Vendors providing high-performance UNIX platforms typically incorporate hardware supporting parallel high-bandwidth data transfers to disk storage arrays. UNIX vendors have invested many resources in maximizing the performance of their network stacks, but the resulting high performance is ultimately a result of high-cost proprietary hardware.
Windows Server 2003 Performance
Windows Server also supports SMP, and its capabilities have improved enormously since its inception. Microsoft works with hardware vendors to ensure that enterprise products achieve the high performance potential of Windows Server support for high throughput disk subsystems. This includes non-uniform memory access (NUMA) support that enables Windows Server to surpass the scalability limitations of the SMP architecture.
The Windows Server TCP/IP protocol stack was written and tested with performance and scalability in mind. This implementation allows a properly written application to extract every possible cycle out of the networking hardware. Here are some examples of how the Windows Server TCP/IP stack performs from the white paper Common Performance Issues in Network Applications. Part 1: Interactive Applications:
Windows Server has been tested with more than 200,000 simultaneous TCP connections.
Internet Information Services (IIS) on Windows Server was highly ranked in SPECWeb96, handling more than 25,000 HTTP requests per second.
Windows Server was used to set a record of more than 750 Megabits-per-second (Mbps) on a transcontinental gigabit network consisting of 10 hops.
Each edition of Windows Server 2003 supports the indicated performance-related attributes:
Windows Server 2003, Standard Edition: support for up to 2 GB RAM, and up to 4-way Symmetrical Multi-processing (SMP)
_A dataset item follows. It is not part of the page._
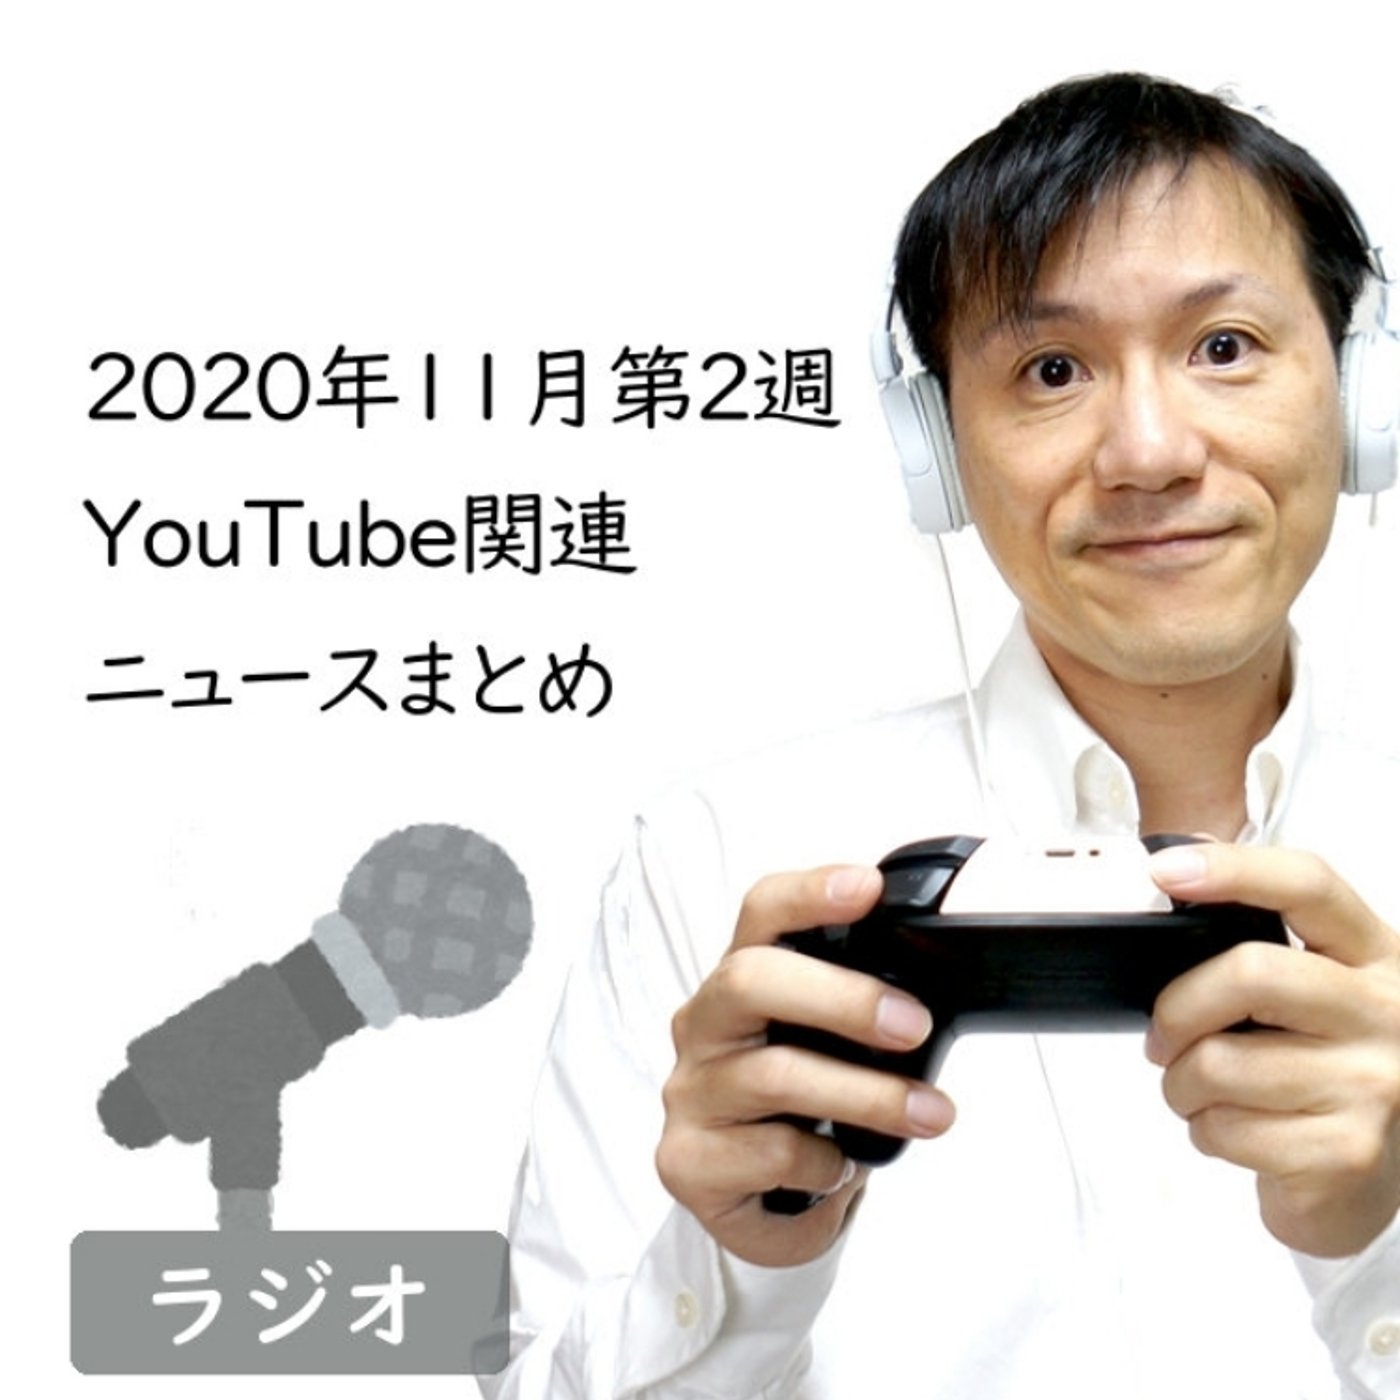 【#251】2020年11月第2週YouTube関連ニュースまとめ〜変わる202

Windows Server 2003, Enterprise Edition: support for up to 32 GB RAM, and up to 8-way SMP, optional support for 64-bit Itanium processors
Windows Server 2003, Datacenter Edition: support for up to 512 GB RAM, and up to 64-way SMP, optional 64-bit support
Windows Server 2003, Web Edition: support for up to 2 GB RAM, and up to 2-way SMP
Increased power is available by either scaling up — acquiring a more powerful Windows Server System —, or by scaling out — adding additional parallel systems. This applies not only to application processing, but also to database serving and tools, such as firewall and proxy serving.
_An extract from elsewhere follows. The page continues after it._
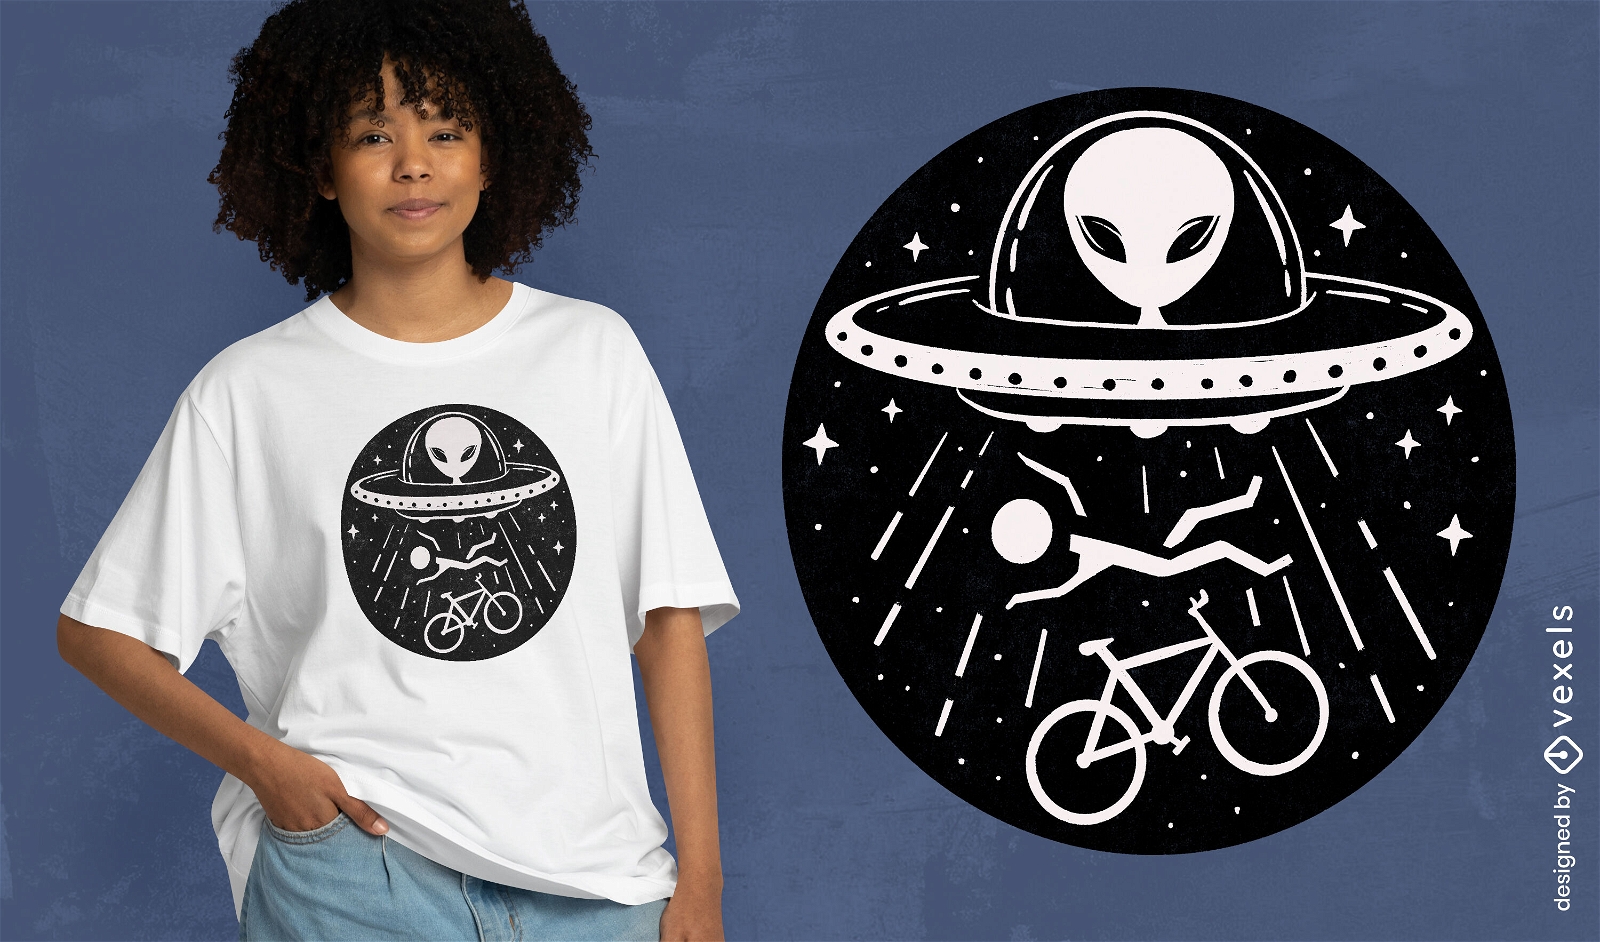 Diseño de camiseta de nave espacial de abducción extraterrestre.

Options to scale up and scale out exist for the UNIX system, but are still subject to the complex and expensive pricing policies of the proprietary system market. In contrast, Windows Server System vendors must price their upgrade options aggressively. If an offering is not the most cost-effective on the market, another vendor is always ready and able to provide a compatible solution.
From the point of view of performance management, this is an ideal situation for the customer. A Windows Server System vendor has little ability to lock in a customer by making alternate possibilities economically unattractive. The only account control strategy available to a Windows Server System vendor is consistently delivering excellent products and services at competitive prices.
Although Windows Server 2003 is well suited to perform out-of-the-box for most customer workloads, it is possible to tune server settings. Tuning can result in incremental performance gains, especially when the nature of the workload will not vary much over time. Tunable parameters available to optimize the performance of the Windows Server System include file serving, networking, storage, and Web serving.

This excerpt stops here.